2.3.1 Use case: data engineering

There is an emerging need to test on realistic individual patient level data without the requirement to have access to the real dataset. Particularly, in the development of data products or more generally in data engineering and the creation of data pipelines. There are many examples of requiring representative data to conduct accurate software testing, such as data products that deal with adverse event reporting, clinical trial diversity and the use of natural language processing.

2.3.2 Example of GDPR fines for using personal data for testing

There was a recent fine in Norway where the Norwegian data protection authority (‘Datatilsynet’) fined the Norwegian Olympic and Paralympic Committee and Confederation of Sports [9]. The fine was for testing on personal data before a risk assessment had been performed or means to secure the information on a cloud solution. Datatilsynet found that testing could have been carried out by processing synthetic data, or using fewer personal data attributes.

Ultimately, there was no legal basis for testing and principles such as legality, data minimization and confidentiality were breached. By enabling data engineering through the use of synthetic data, this reduces the unnecessary processing of personal data for this use case and the need to utilize a legal basis of consent.

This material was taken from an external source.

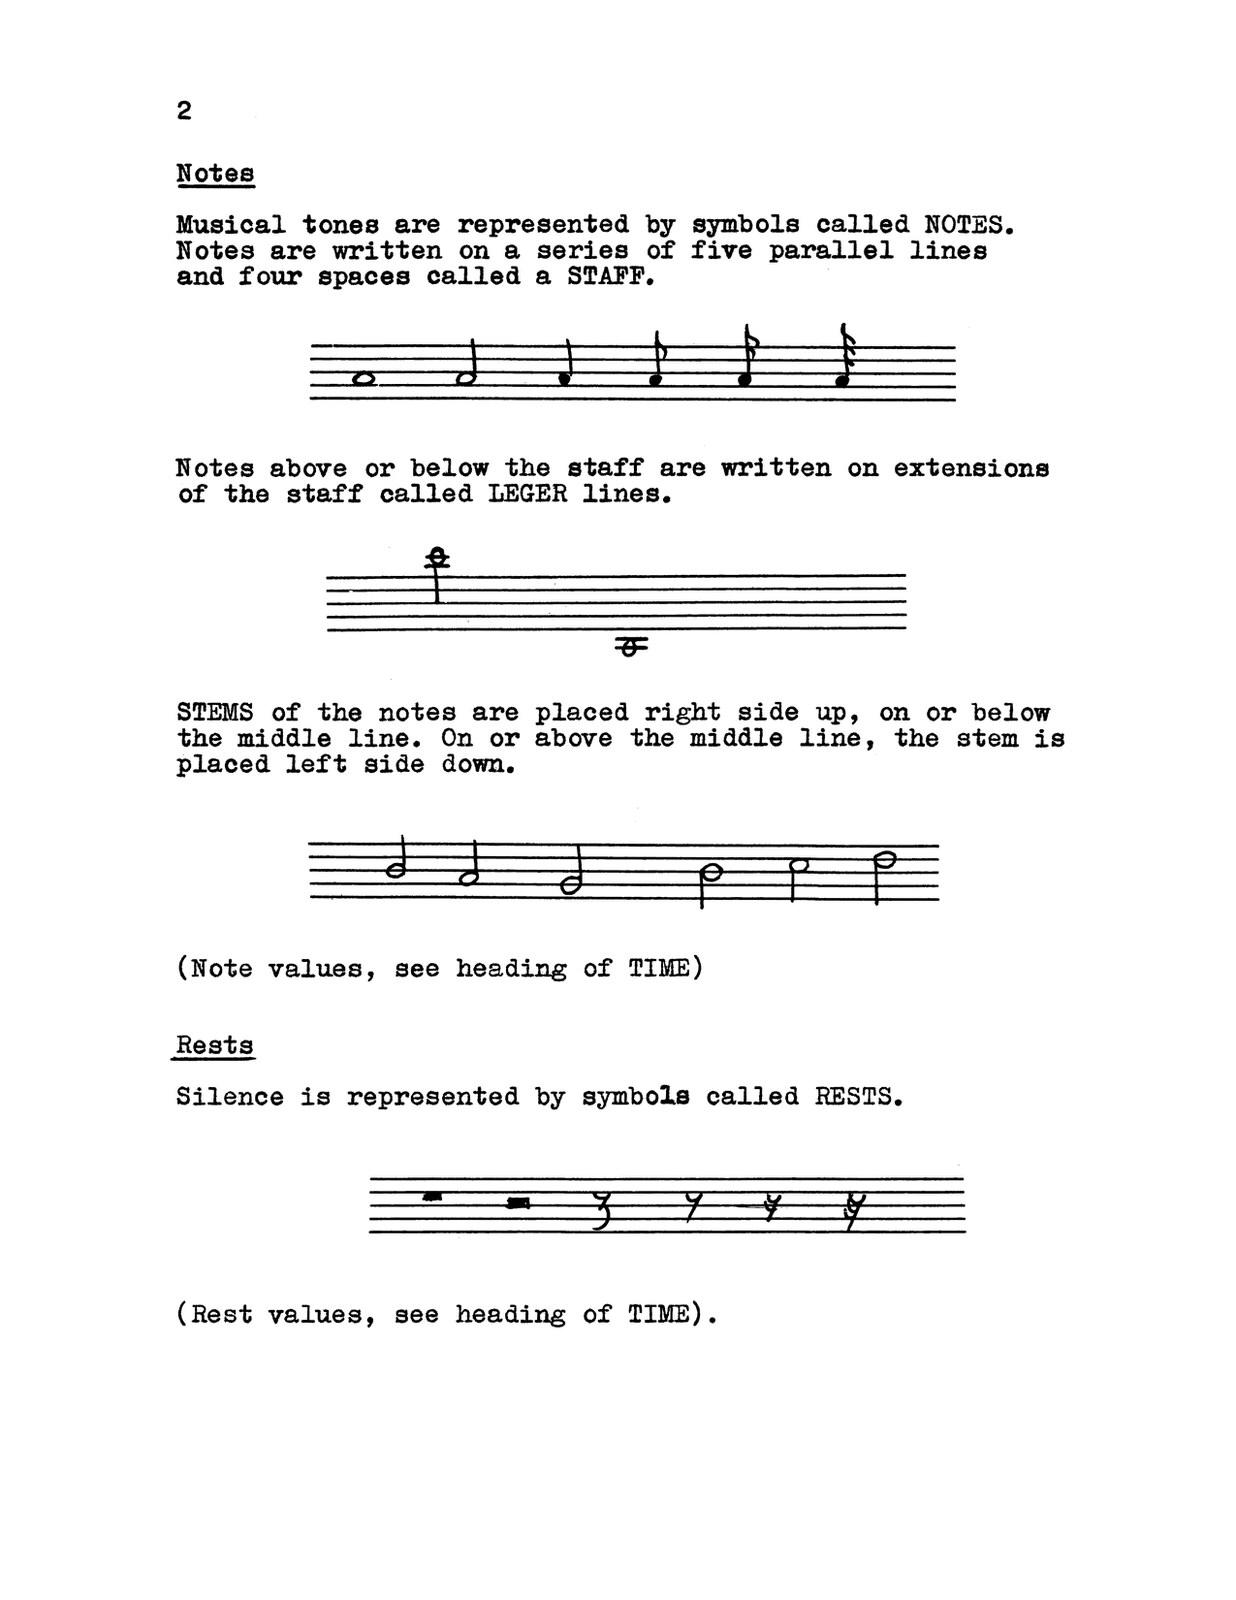 Music primer by sandole adolph qpress sandole music primer p06 buycottarizona

2.4 Education, training and hackathons

2.4.1 Use case: Onboarding and development

Synthetic data can be used as an effective training and onboarding tool, particularly for employees who need to have an understanding of how to handle personal data. Synthetic data enables employees to explore datasets that represent the same structural properties of clinical datasets without the privacy controls required.

Synthetic data can be used as a teaching aid, to develop skills in a range of different areas such as biometrics, data science and data engineering. The ability to use synthetic data for this purpose will nurture career development within the organization and allow for the cross-pollination of innovation, advancement of knowledge and skills whilst keeping the patient at the heart of development. The ability to show that employees are trained adequately is an important consideration within GDPR ‘by design and default’ [10]. To illustrate compliance, it is necessary to demonstrate privacy awareness.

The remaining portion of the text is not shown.